Le film du quinquennat : un bon casting, pas de scénario, un happy end ?

Que se passe-t-il sur le plateau de tournage d’un film lorsque le directeur de casting est bien meilleur que le scénariste ? Que dire d’une production où le héros a une gueule de jeune premier mais où le metteur en scène a juste oublié un détail : savoir raconter une histoire ? Avec de tels ingrédients, à la fin, on n’est jamais loin d’un nanard ou d’un film de série B.

Ici, à l’évidence, le casting est réussi.

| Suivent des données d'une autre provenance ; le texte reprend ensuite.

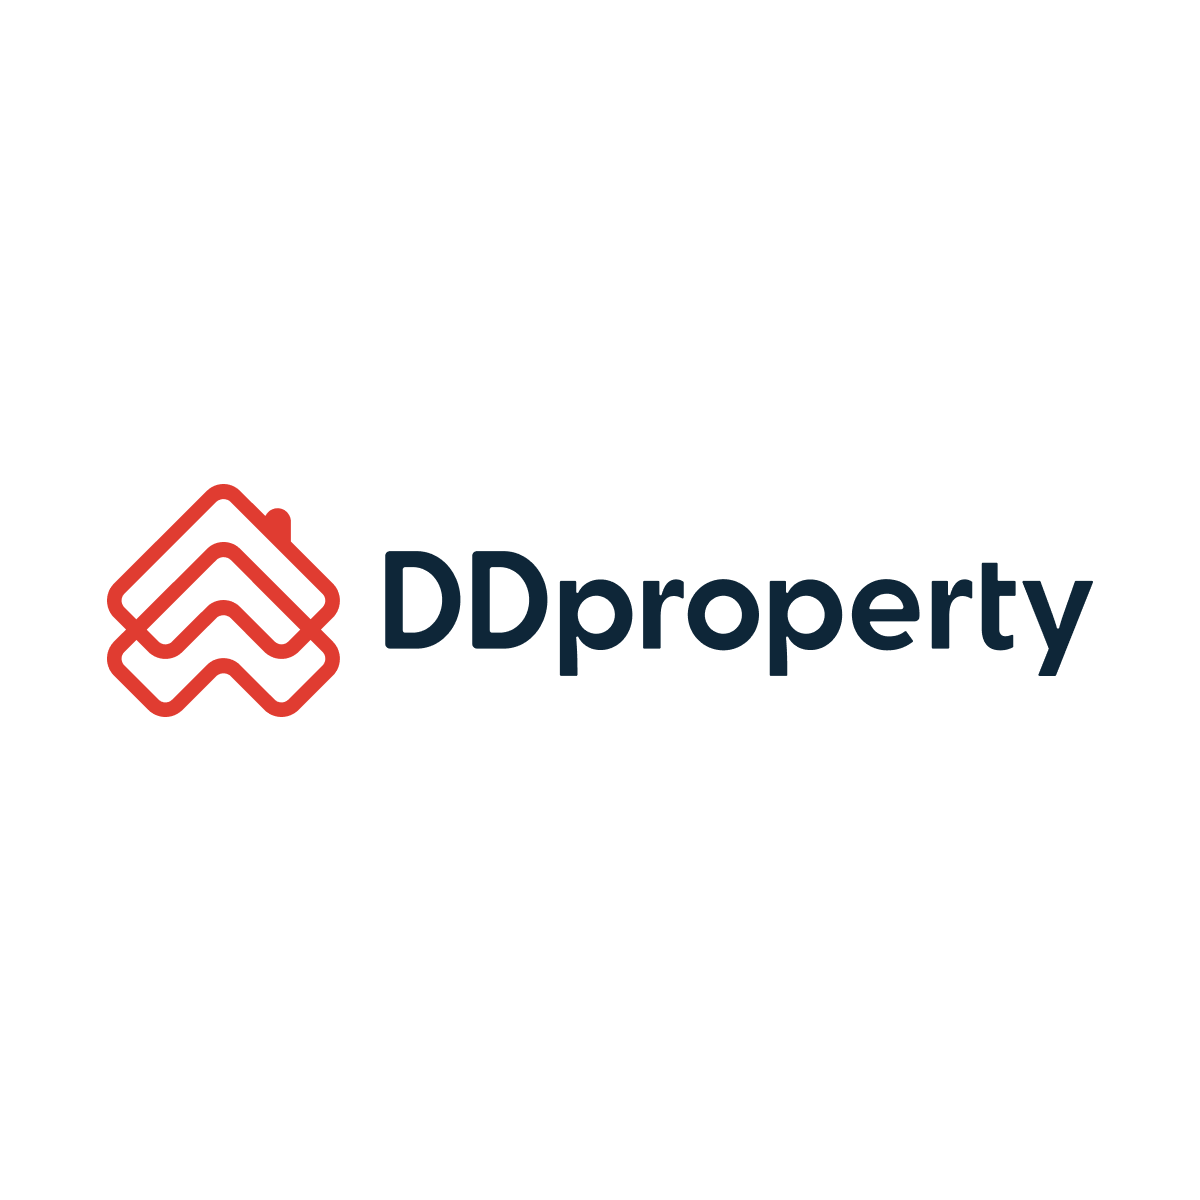 DD Property
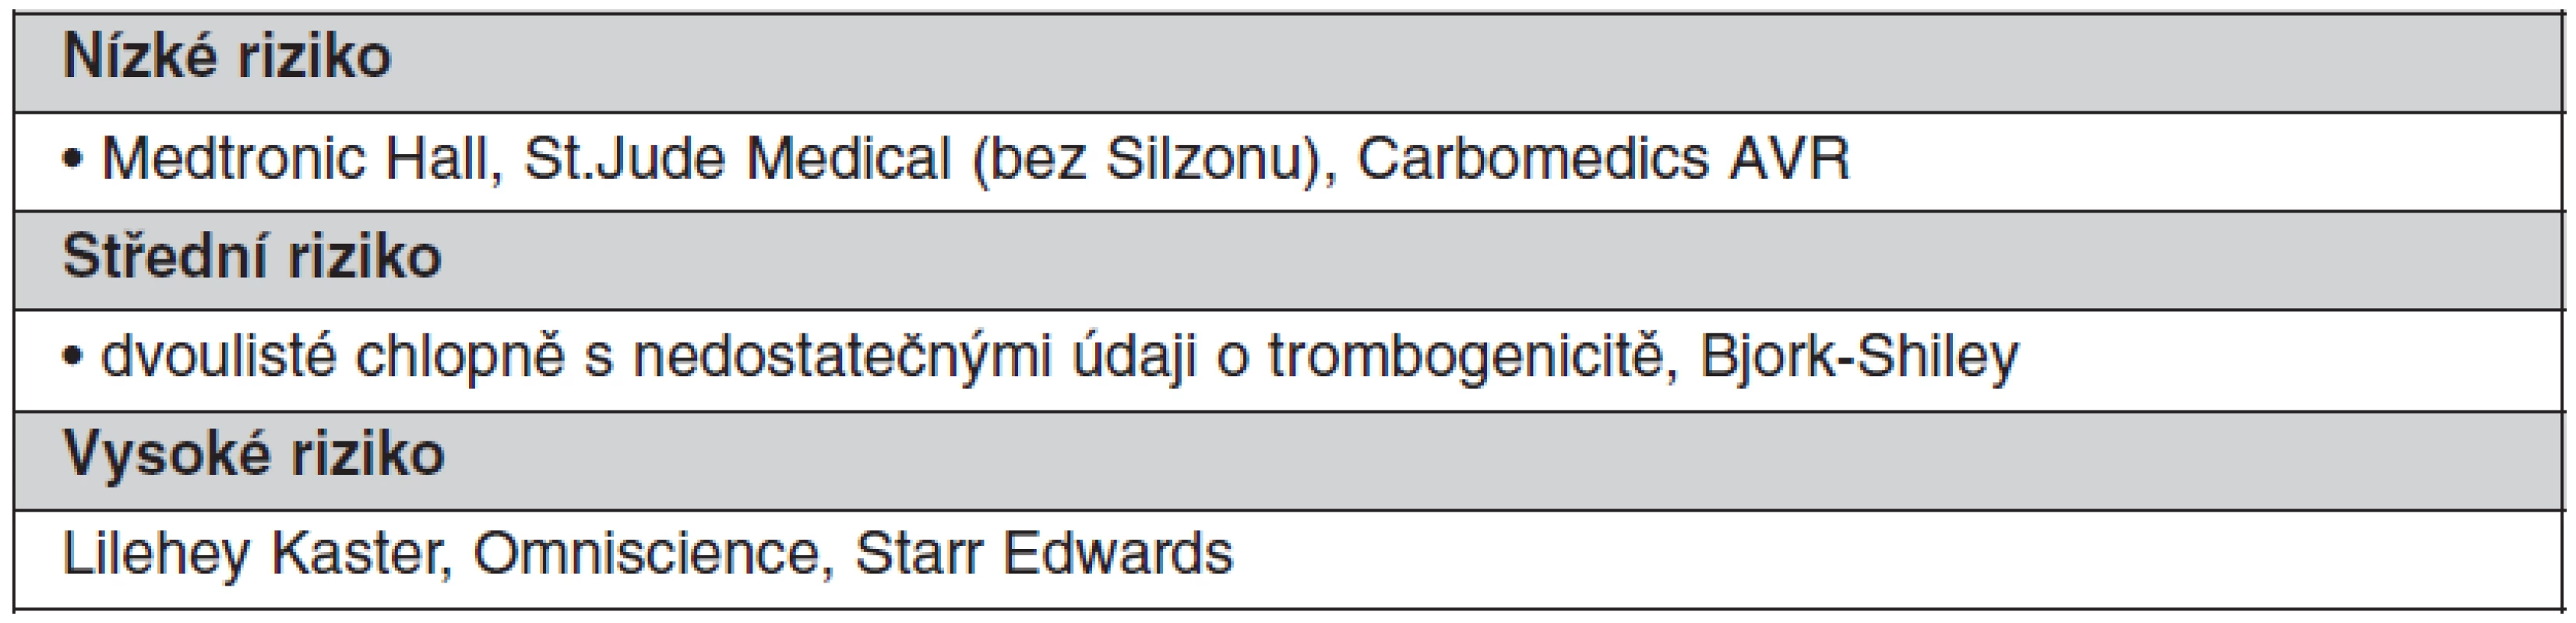 Kategorie chlopenních protéz podle trombogenicity

Donner le premier rôle à un type qui jusqu’ici assumait la direction générale de la Croix-Rouge française, il fallait y penser ! Personne n’avait vu le coup venir. Pas même lui qui, le samedi matin, ne sait pas pourquoi Matignon veut le voir en urgence et se retrouve un lundi matin ministre de la République alors qu’il avait jusqu’ici l’habitude de négocier avec celles et ceux qui sont désormais ses prédécesseurs… Car Jean-Christophe Combe avait pour mission depuis maintenant 5 ans de conduire les destinées d’une organisation qui gère des Ehpad, des services d’aide ou de soins à domicile, des établissements de santé, qui a la responsabilité d’une convention collective et qui, parce qu’elle siège au sein de l’OPCO Santé, a eu également à traiter le sujet de la formation des personnels. Pour la première fois depuis longtemps, tout professionnel du secteur du grand âge pourra se dire que son nouveau ministre est (presque) l’un des siens. Une nomination d’autant mieux reçue qu’elle mettait fin à l’intermède Abad, soit six longues semaines où toutes les fédérations étaient tétanisées, ne sachant comment s’adresser à un ministre dont le seul nom sonnait comme un fait divers.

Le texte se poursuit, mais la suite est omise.